Apart from the images, repeat the data below exactly as written.

SUPPLIED DATA:
******

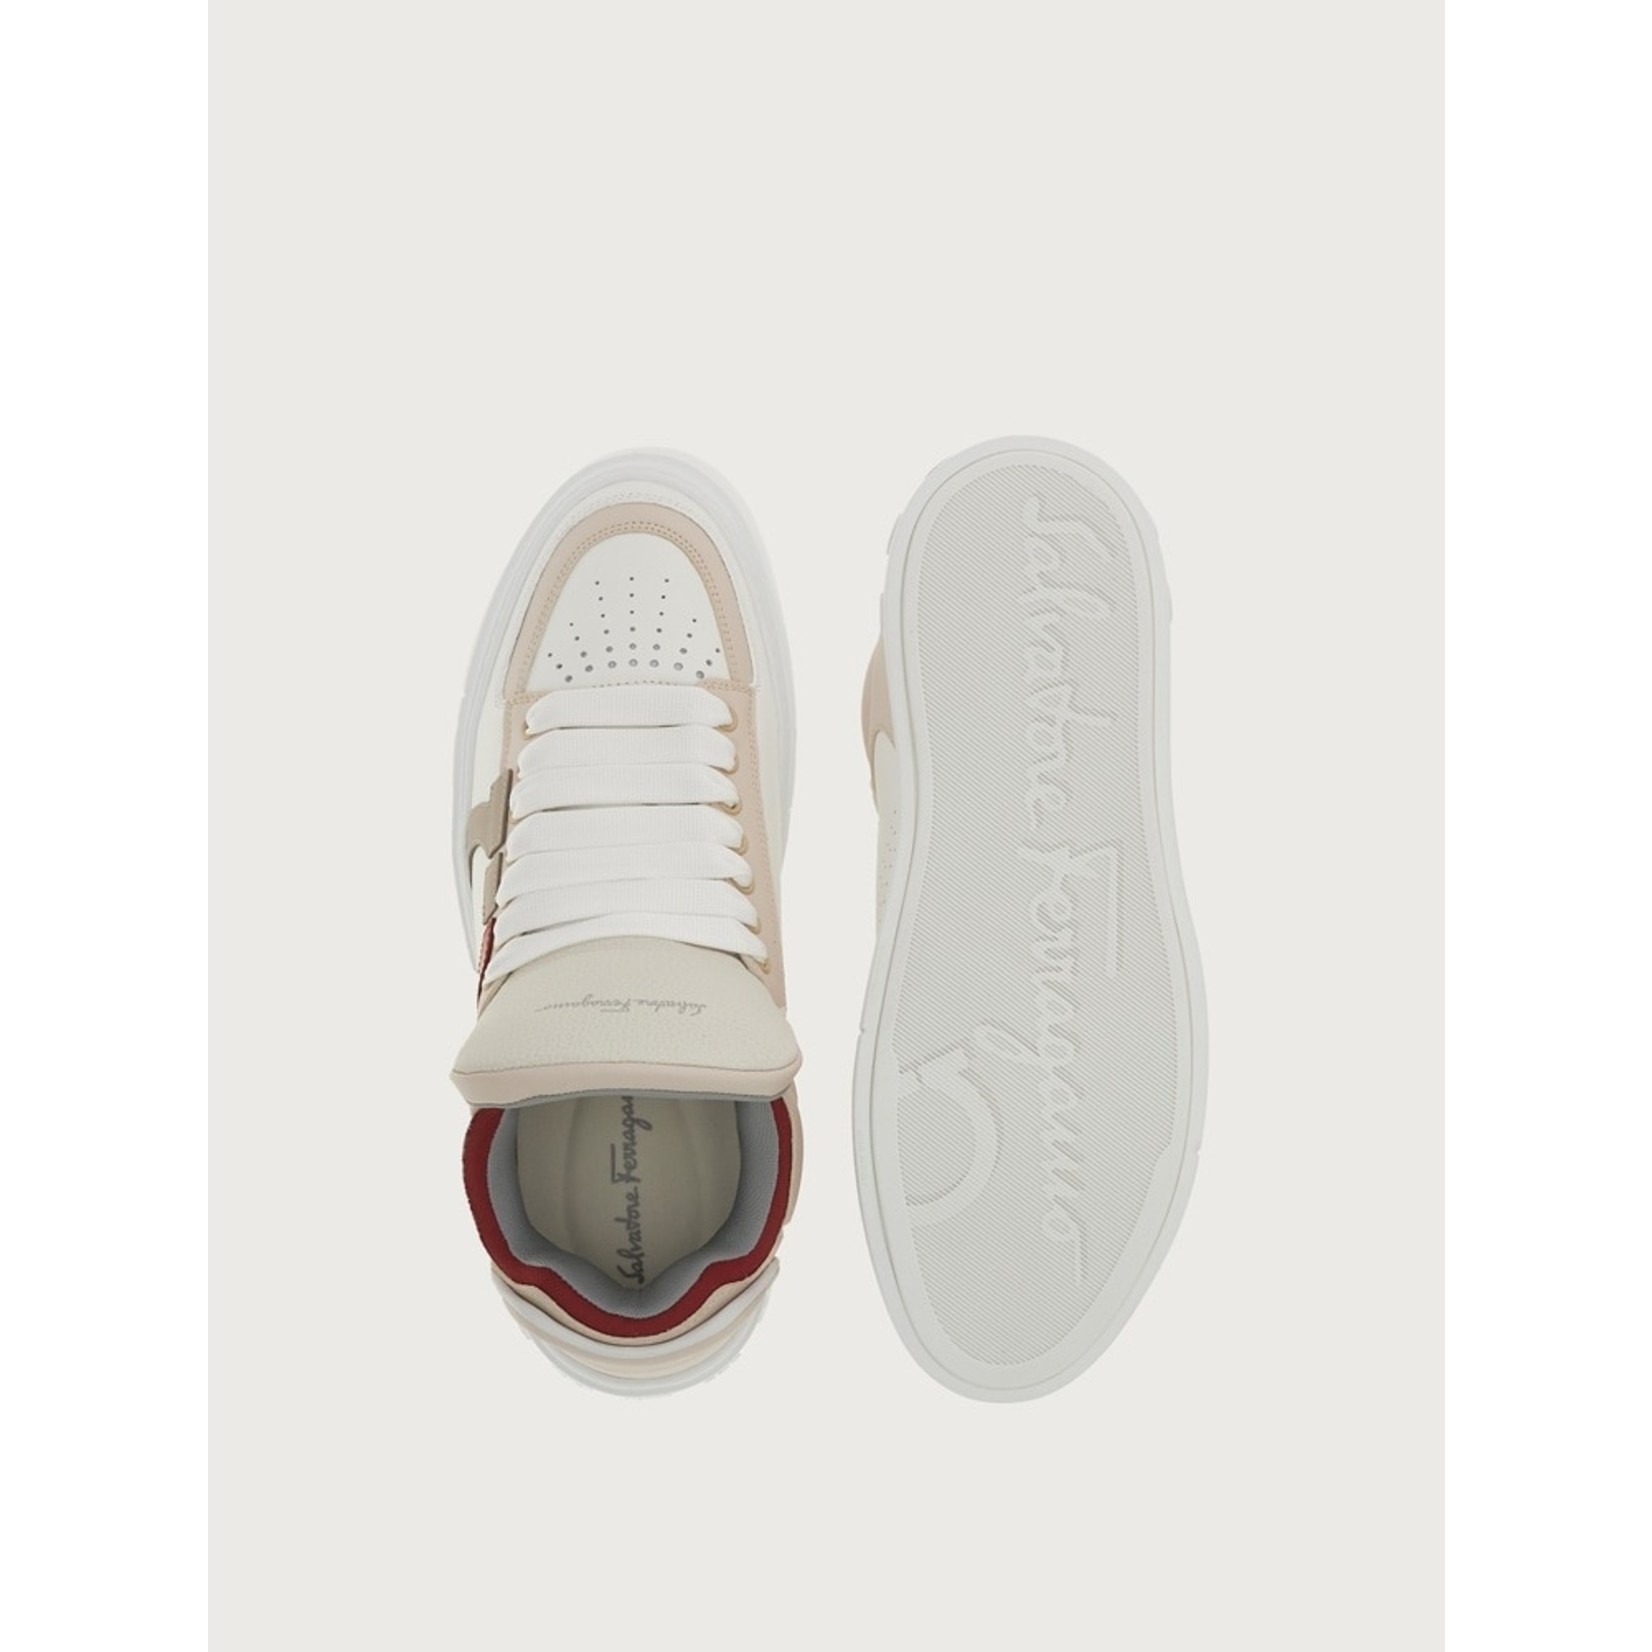 New Salvatore Ferragamo Men's Marvelous Tennis Shoes Size 9 Snickers
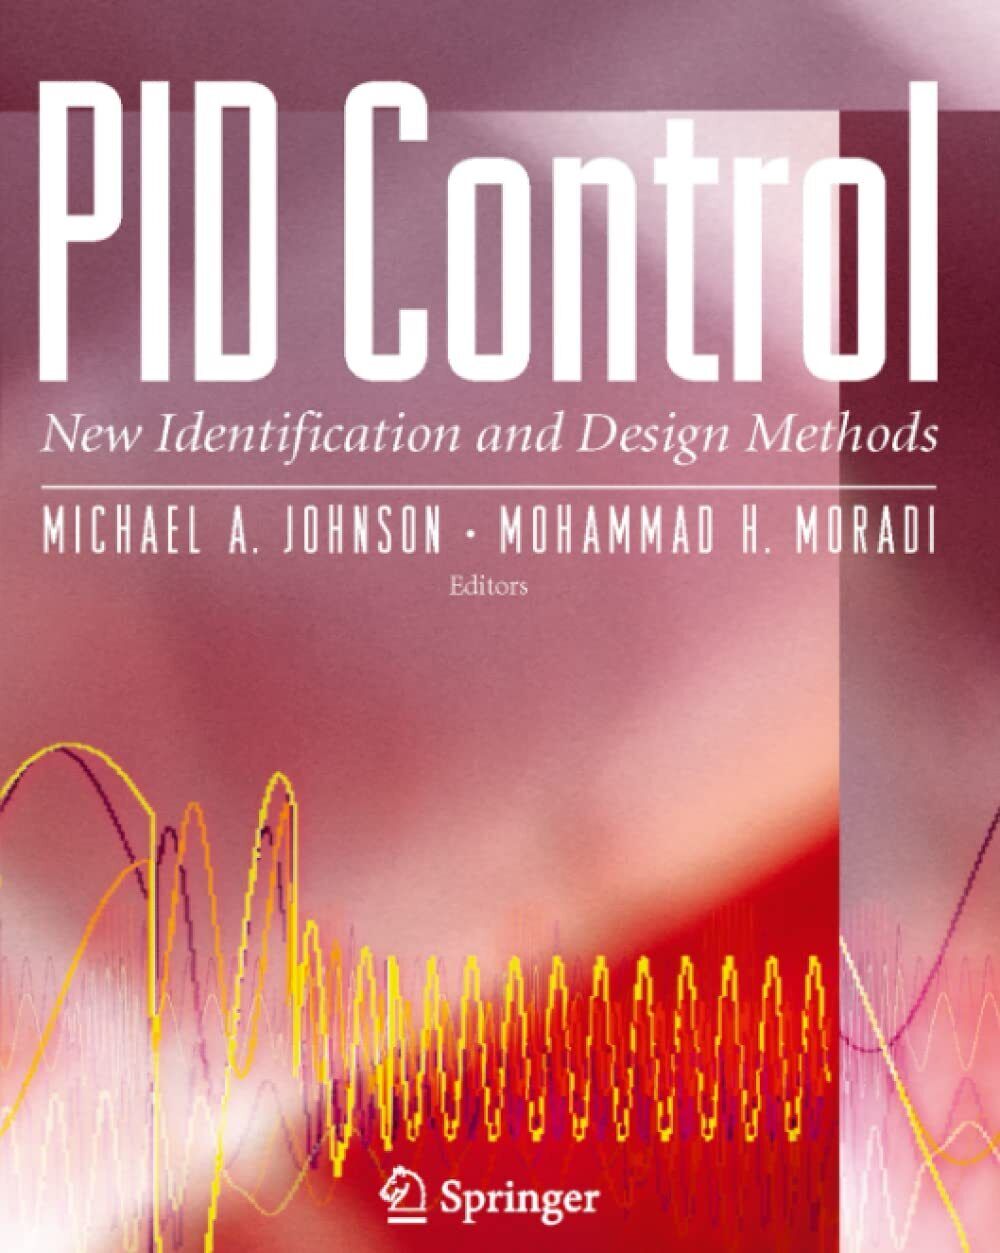 PID Control - Michael A Johnson - Springer, 2010
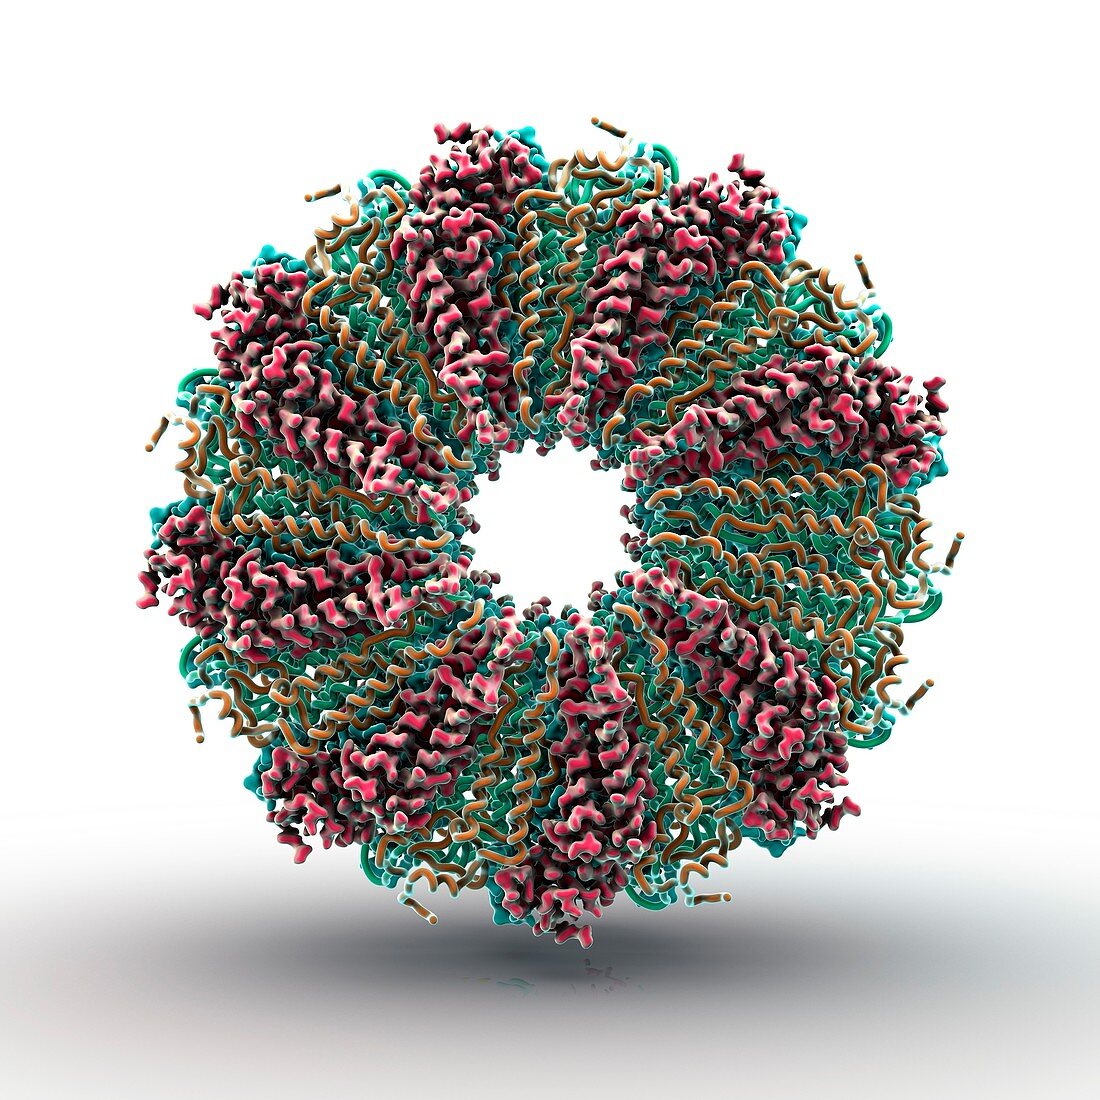 Tobacco mosaic virus proteins,artwork
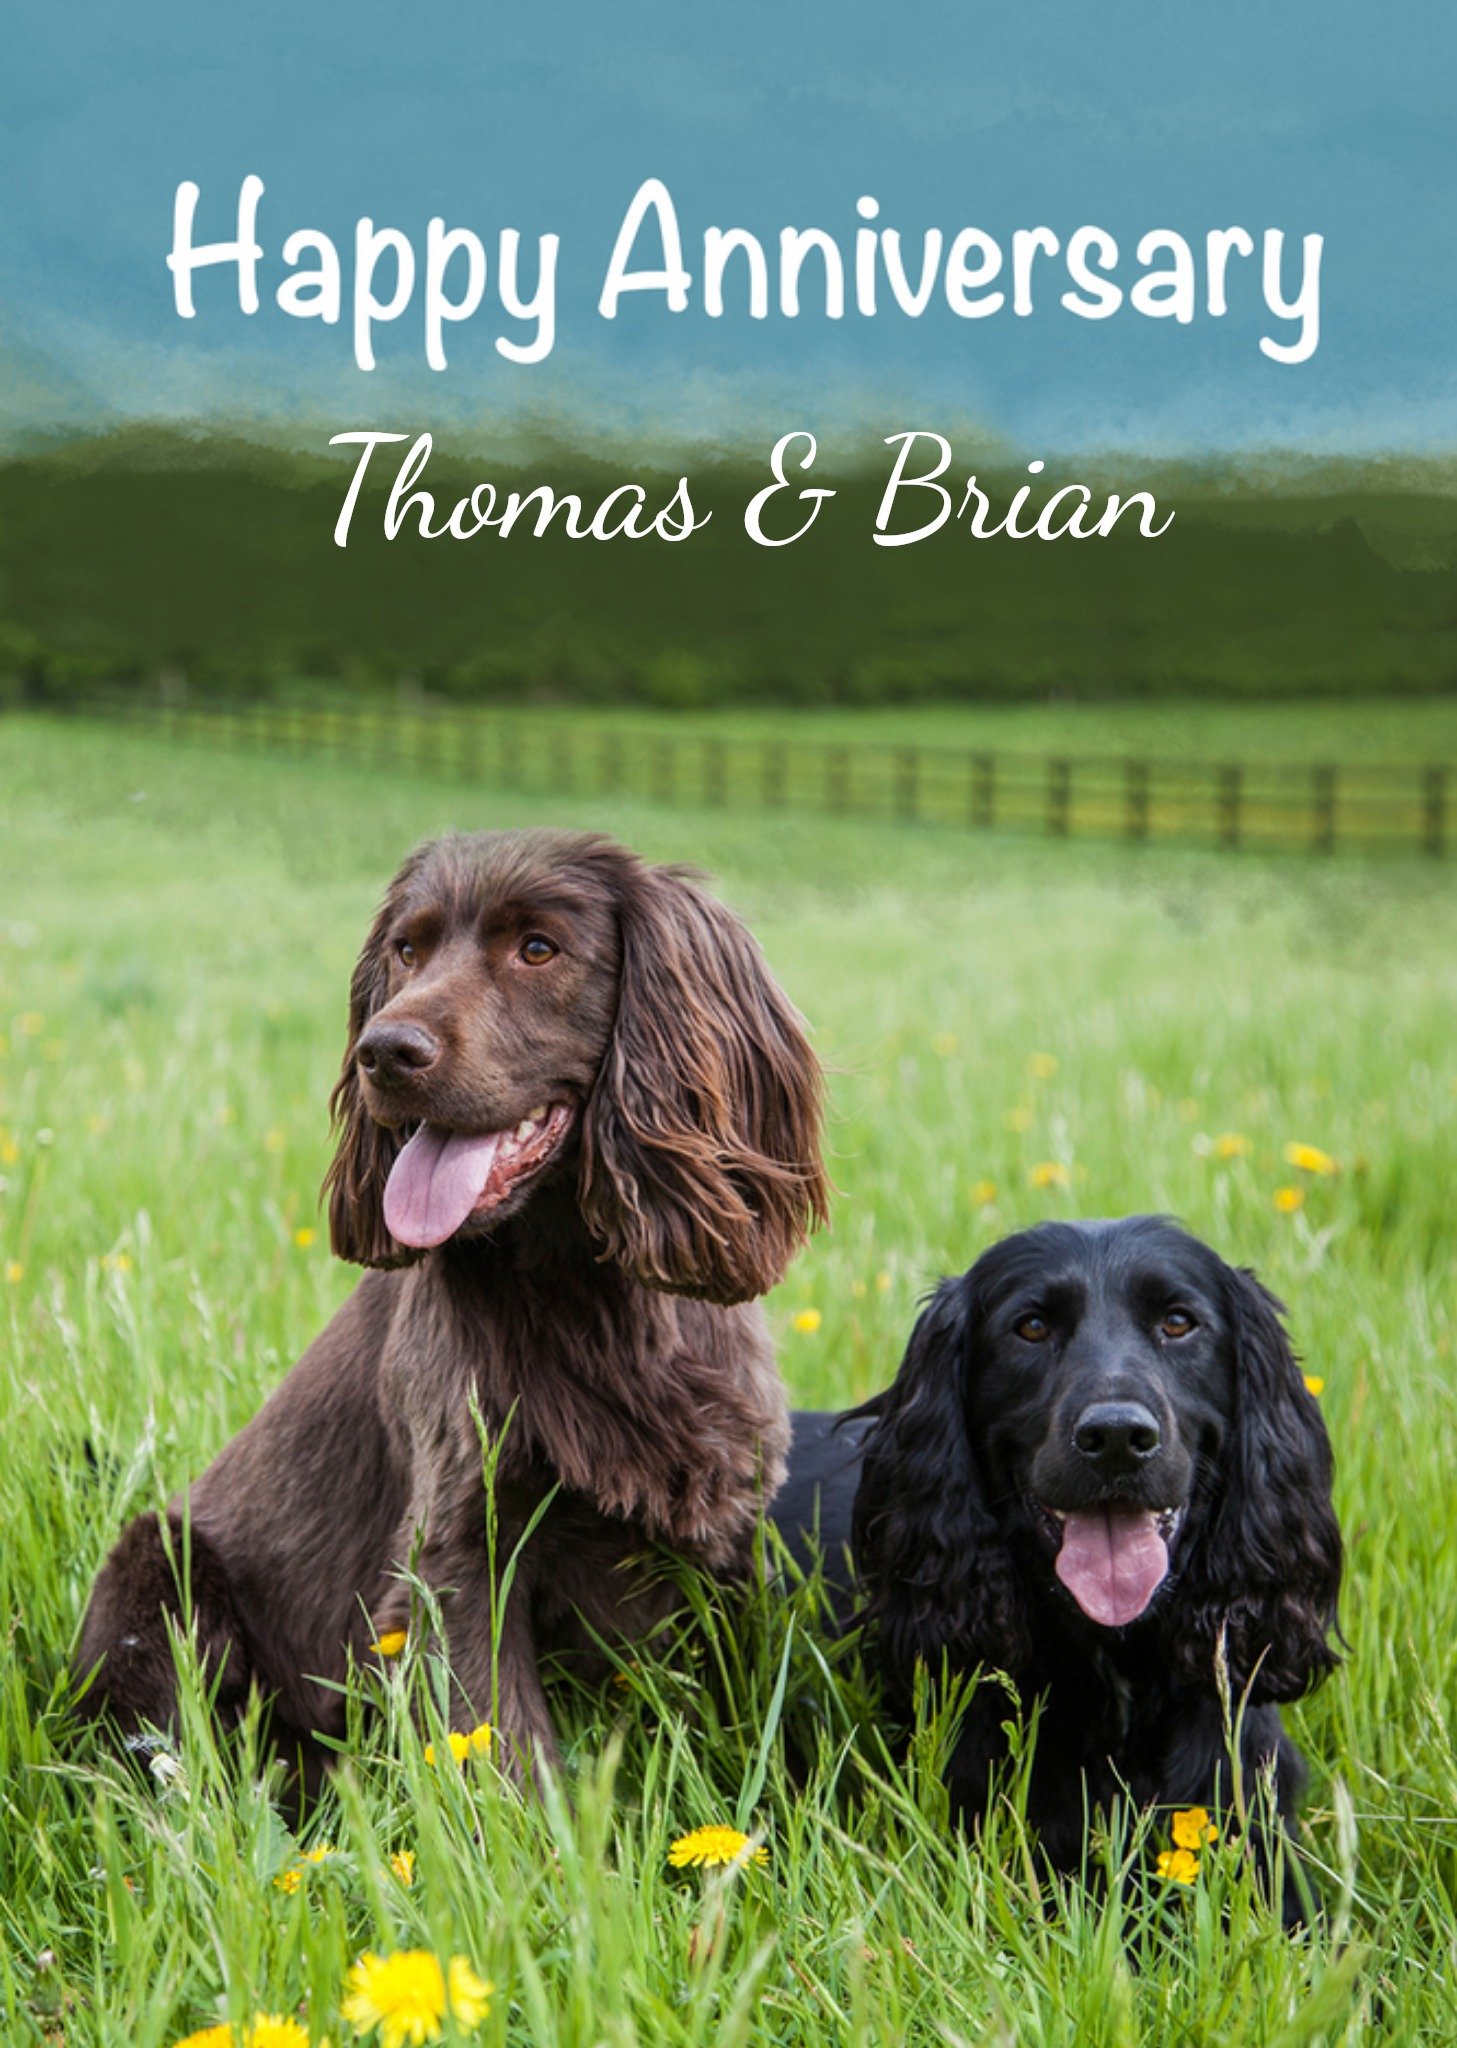 Moonpig Alex Sharp Photography Spaniel Dogs In The Grass Anniversary Card Ecard

******

YOUR SOLUTION:
 New Salvatore Ferragamo Men's Marvelous Tennis Shoes Size 9 Snickers
 PID Control - Michael A Johnson - Springer, 2010
 Tobacco mosaic virus proteins,artwork
 Moonpig Alex Sharp Photography Spaniel Dogs In The Grass Anniversary Card Ecard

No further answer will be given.